Kuşkusuz sözleşme özünde hiçbir şeyi çözmüyor: dört aydır asalaklarla yüz yüze kalan ve tüm eylemlere öncülük edenler, önümüzdeki aylarda seferberliği devam ettireceklerdir. Şu ana kadar greve katılmayan fakat şimdi yönetim tarafından ihanete uğradıklarını hissedenler de mücadeleye katılabilirler. PSA yeni öfke patlamalarına karşı şerbetli değildir!
Davayı ortaklaştırmak
Aulnay’de de, PSA’nın diğer fabrikalarında da, sözde rekabet edebilirlik sözleşmeleri (grup içinde “performans sözleşmesi” olarak adlandırılıyor), işçi çıkarmalar ve “gönüllü” ayrılmaya zorlamalar olduğu yerde durmaktadır. Bunlar yeni tepkiler doğuracaktır.

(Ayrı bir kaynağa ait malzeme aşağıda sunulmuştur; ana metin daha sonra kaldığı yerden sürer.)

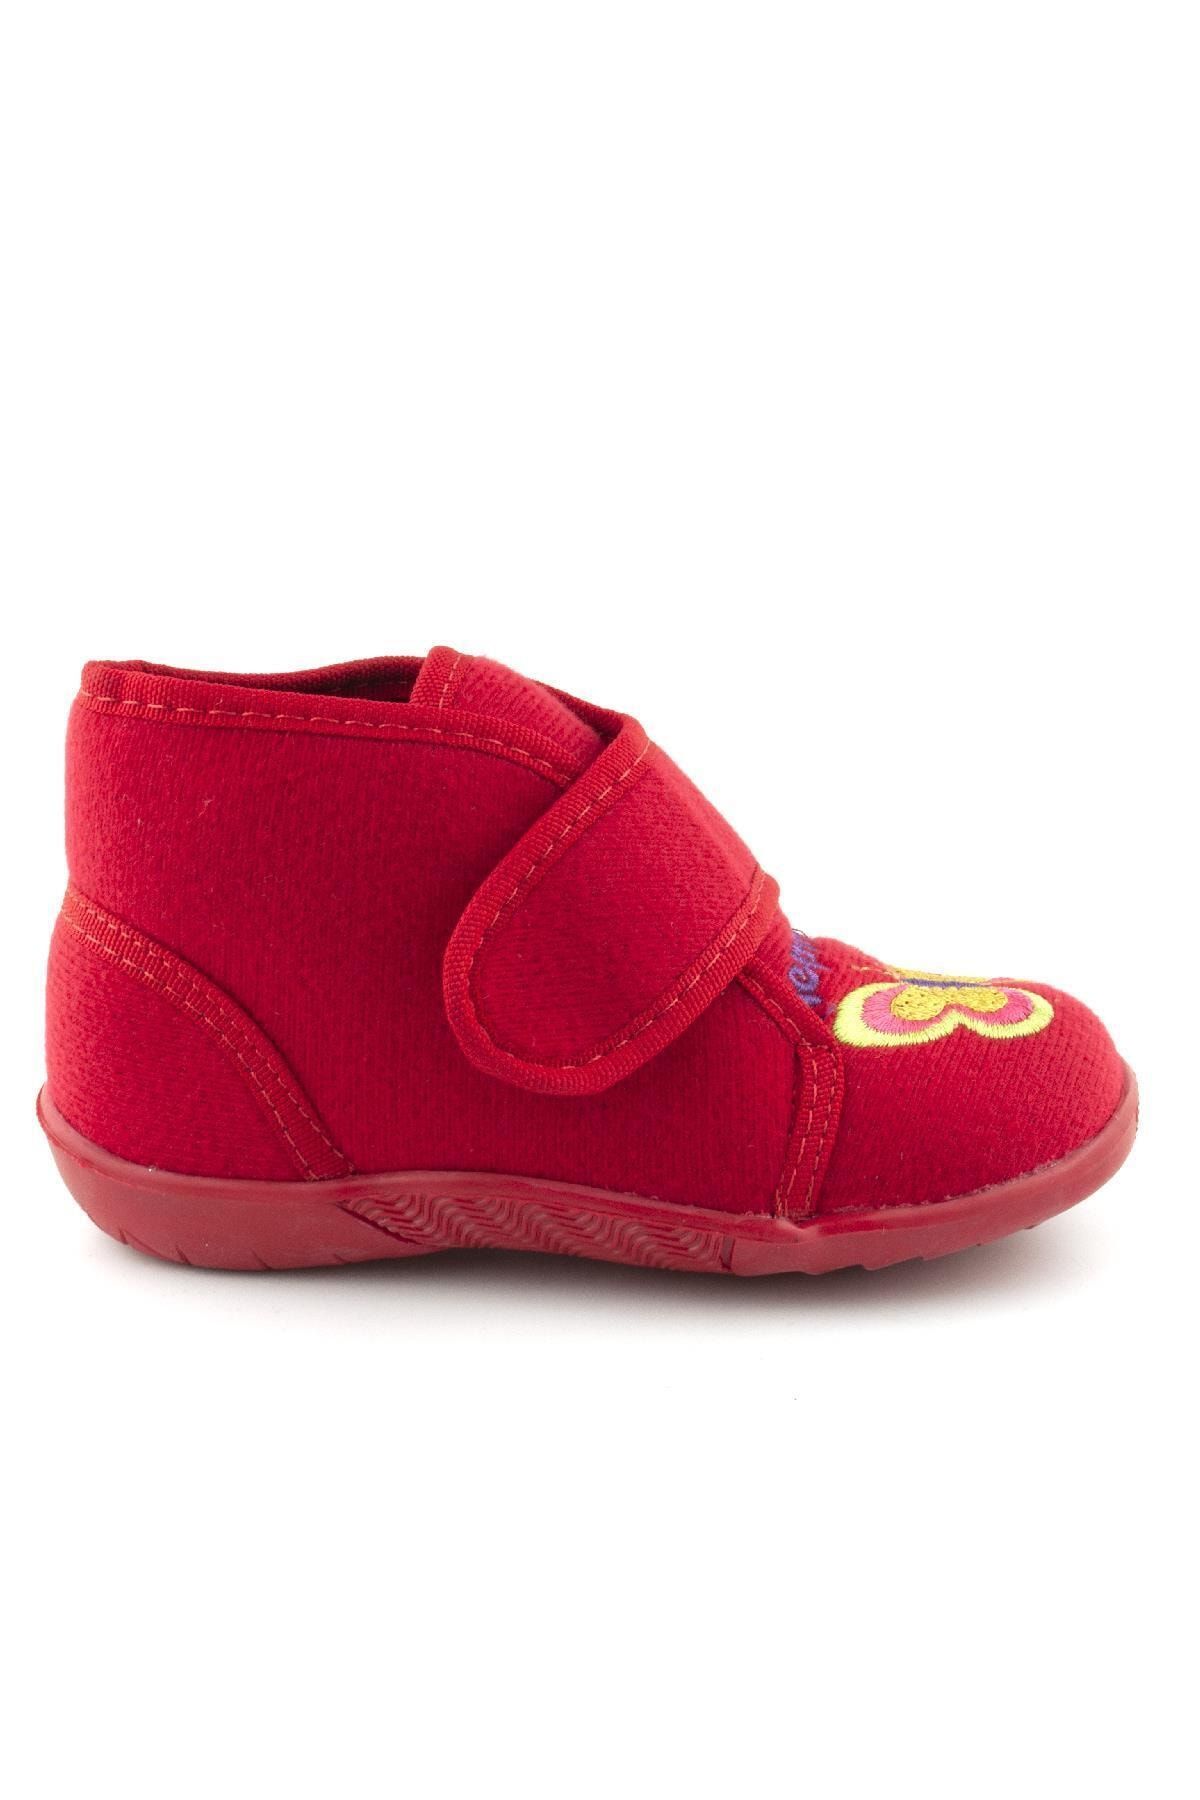 Cici Bebe Ayakkabı Kırmızı Kelebekli Ortopedik Ev/kreş Kız Çocuk Panduf

Üstelik sadece PSA’da da değil.
Ülkenin her yanında şirketler kapatılıyor, işten atmalar artıyor. Bizler tekil ve yalıtık tepkilere teslim olmamalıyız. Dört aylık grevimiz ve hareketimizin gördüğü destek bize epeyce deneyim kazandırdı. Greve aylar öncesinden nasıl hazırlanılması gerektiğini biliyorduk, tüm üretim birimlerinin en kararlı işçilerini birleştirmeyi başardık ve ardından grev komitesinde ve genel toplantılarda ayrıntılı bir şekilde tartışıp karara vararak greve çıktık ve yanı sıra işyerinin dışında da eylemler organize ettik.

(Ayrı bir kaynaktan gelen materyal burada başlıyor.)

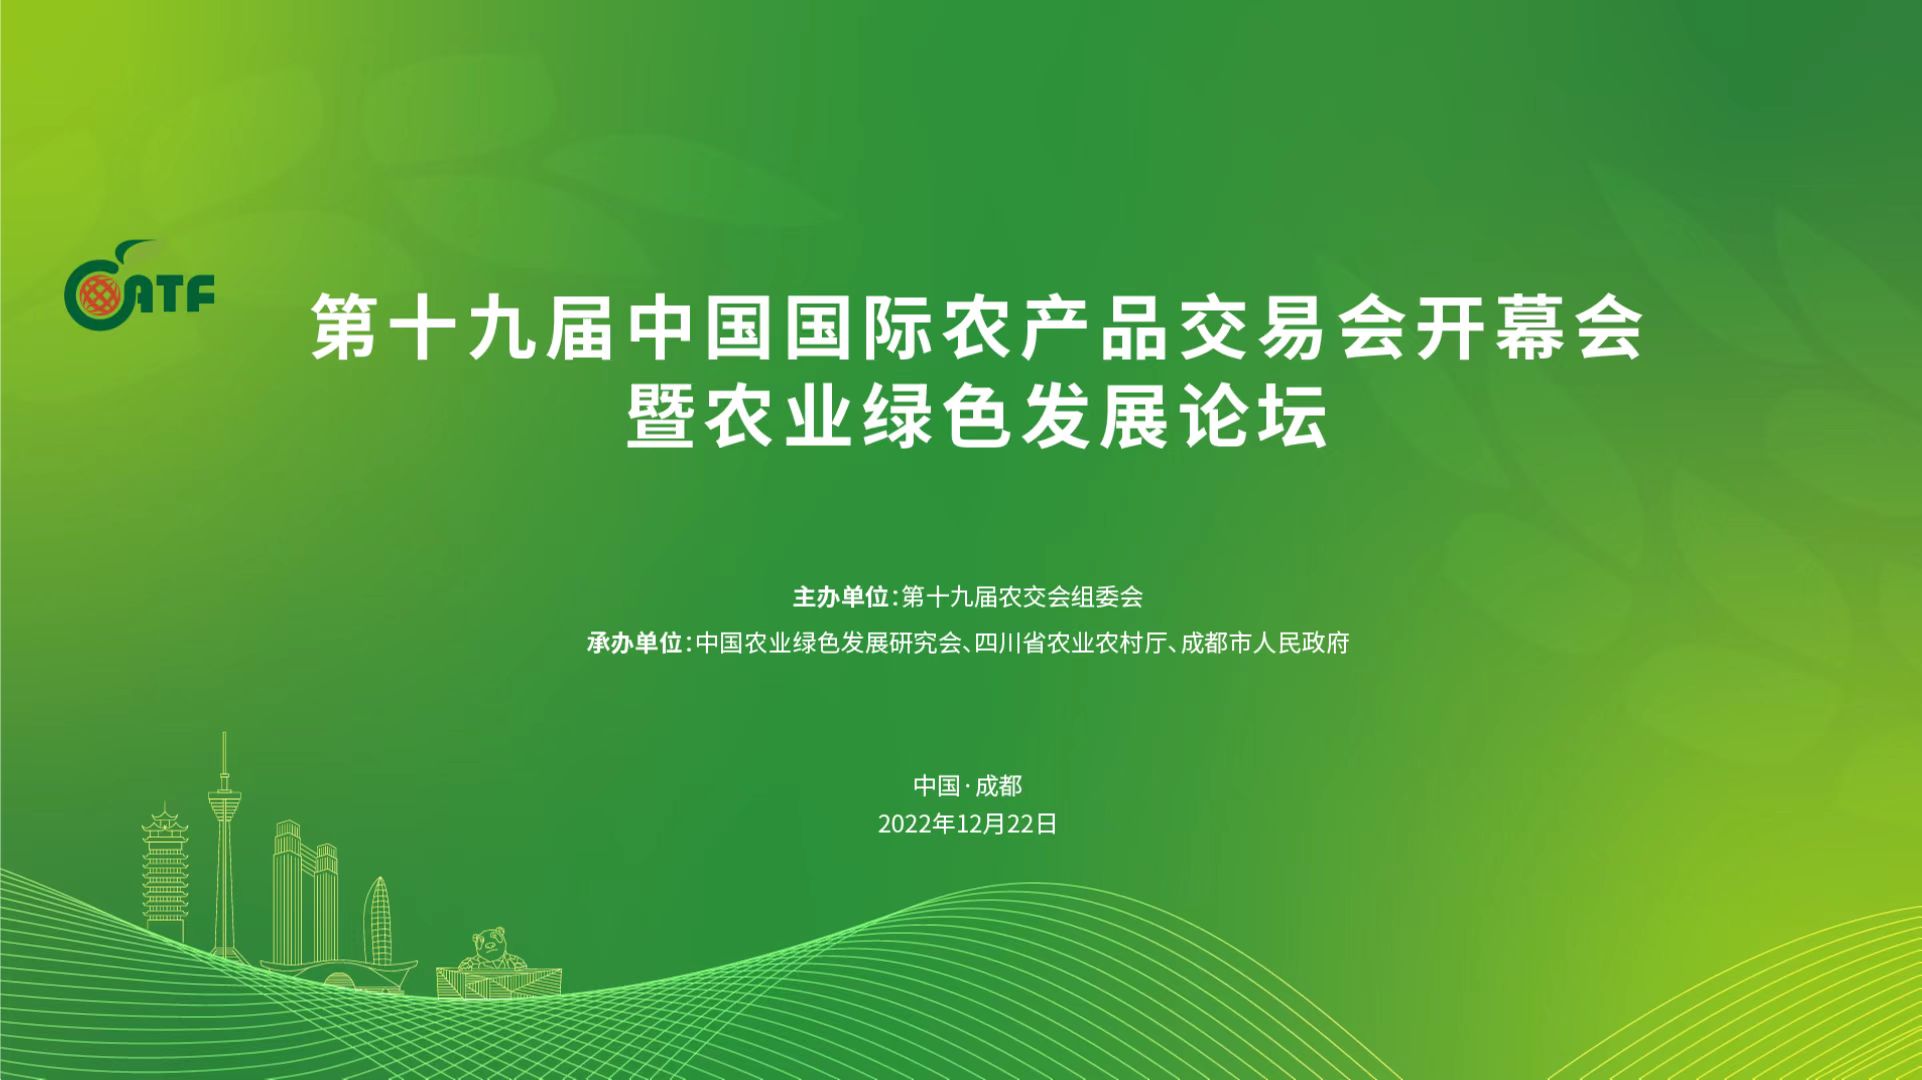 第十九届中国国际农产品交易会开幕式暨农业绿色发展论坛活动时间

Saint-Ouen, Flins, Cleon, Charles-de-Gaulle Havalimanı kargo bölümü, Geodis, Lear ve diğer yerleri ziyaretlerimiz sırasında oradaki işçiler tarafından son derece sıcak bir şekilde karşılandık. Pek çok bağ oluşturmak ve bunları şekillendirmek mümkün. Dolayısıyla önümüzdeki dönemde ne olacağına odaklanmalıyız.
Kazandığımız deneyim bize, yaklaşan mücadeleler için ön hazırlık yapma tecrübesi ve meşruiyeti veriyor, üstelik sadece PSA’da değil. Nasıl fabrika içindeki farklı birimlerin mücadeleci azınlığını koordine etttiysek, bunu dışarıda da yapabiliriz. Bunun yolu da son aylarda kendi patronlarına karşı ellerinden geldiğince mücadele edenlerin çabalarını olduğu gibi bundan sonrakilerin çabalarını da koordine etmeye çalışmaktır.

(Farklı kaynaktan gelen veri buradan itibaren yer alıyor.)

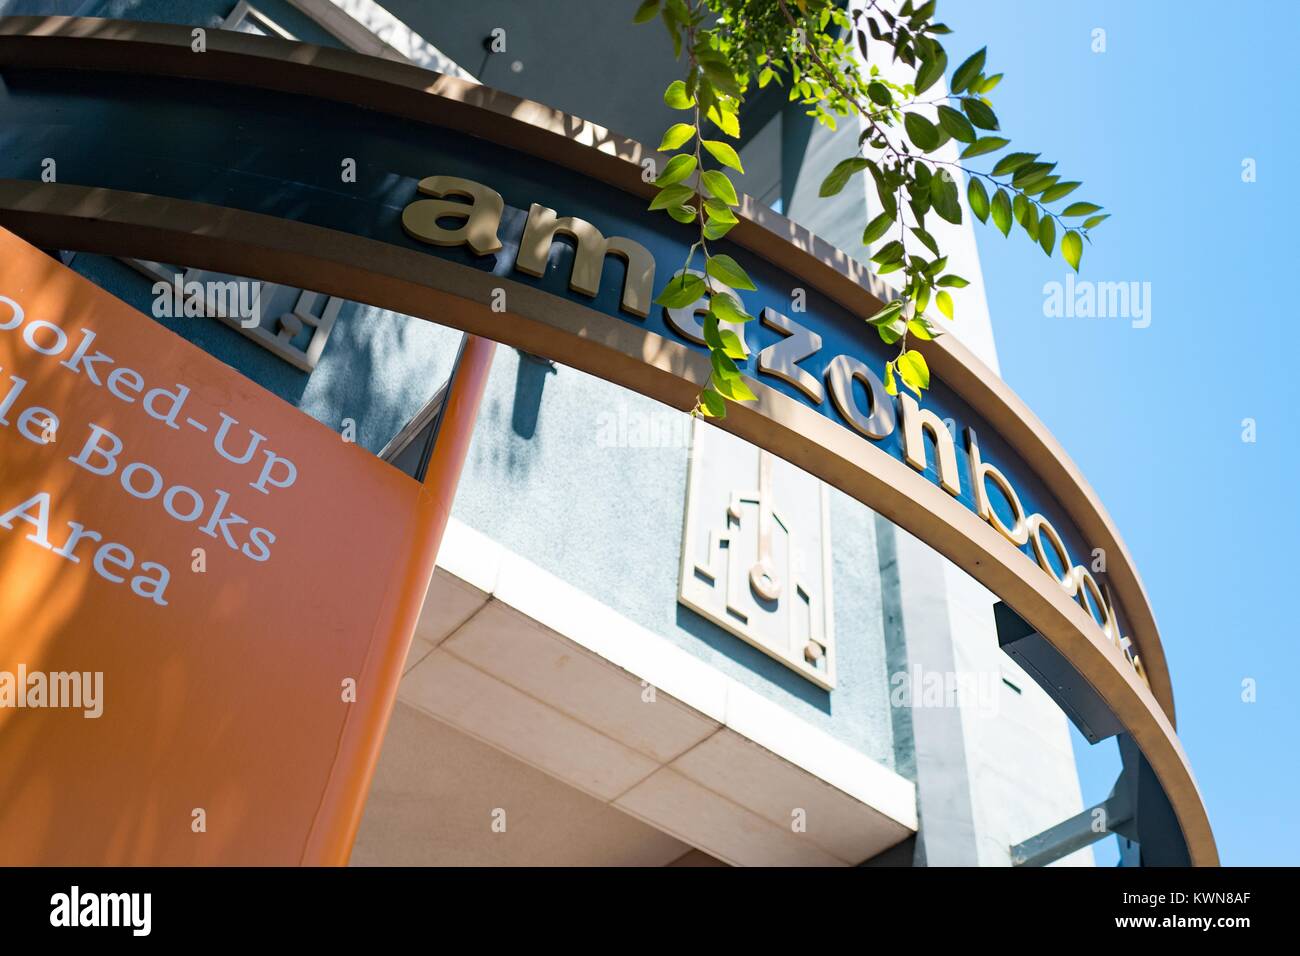 Libre d'affiches pour un nouveau magasin de détail physique Amazon Books à Santana Row, un centre commercial haut de gamme dans la Silicon Valley ville de San Jose, Californie, le 21 juillet 2017. Banque D'Images

Güç dengesini değiştirecek ve patronları geri adım atmak zorunda bırakacak olan bir genel grev mucizeyle gelmeyecek. Böylesi bir genel grev, Aulnay’da olduğu gibi (sadece orada değil, farklı biçimlerde Sanofi, Candia, Arcelor, DMI, Freescale, Ford ve diğerlerinde de) mücadelenin ön saflarında olan işçilerin adım atmalarını gerektirmektedir.
Sıklıkla çok yerel kalan ve ulusal düzeyde haberdar olunmayan bu mücadelelerin koordinasyonu için, er geç yakınlaşmalarına, genişlemelerine ve nihayetinde genelleşmelerine olanak sağlayacak vasıtalar devreye sokmak –kendi patronlarıyla savaşan diğer işçilerle birlikte– zorundayız. Kısacası, bu, şu anda kendilerini yalıtılmış ve köşeye sıkışmış hissedenlere bir perspektif sunma sorunudur.
Bu yüzden, aynı sorunlara sahip olanlarla, işten çıkarmalara karşı ister toplantılarla, legal eylemlerle, gösterilerle, iş bırakmalarla, ister az çok uzun grevlerle tepki gösterenlerle birlikte, mücadeleler ve seferberlikler için, adına ne derseniz deyin, bir komite kurmayı düşünmemiz gerekiyor. Zira sendika konfederasyonları tarafından terk edilen bu ülkenin işçilerinden beklentiler yüksektir.
Davayı ortaklaştırmalı ve bunu yapacak araçlarla donanmalıyız. Bu mümkün ve gereklidir. İşin bütün işçilere bölüştürülmesi ve işten atmaların yasaklanması ancak sınıfımızın bir kısmı bu mücadeleleri birbirine yakınlaştırma perspektifini vermek üzere koordine olursa mümkün olacaktır.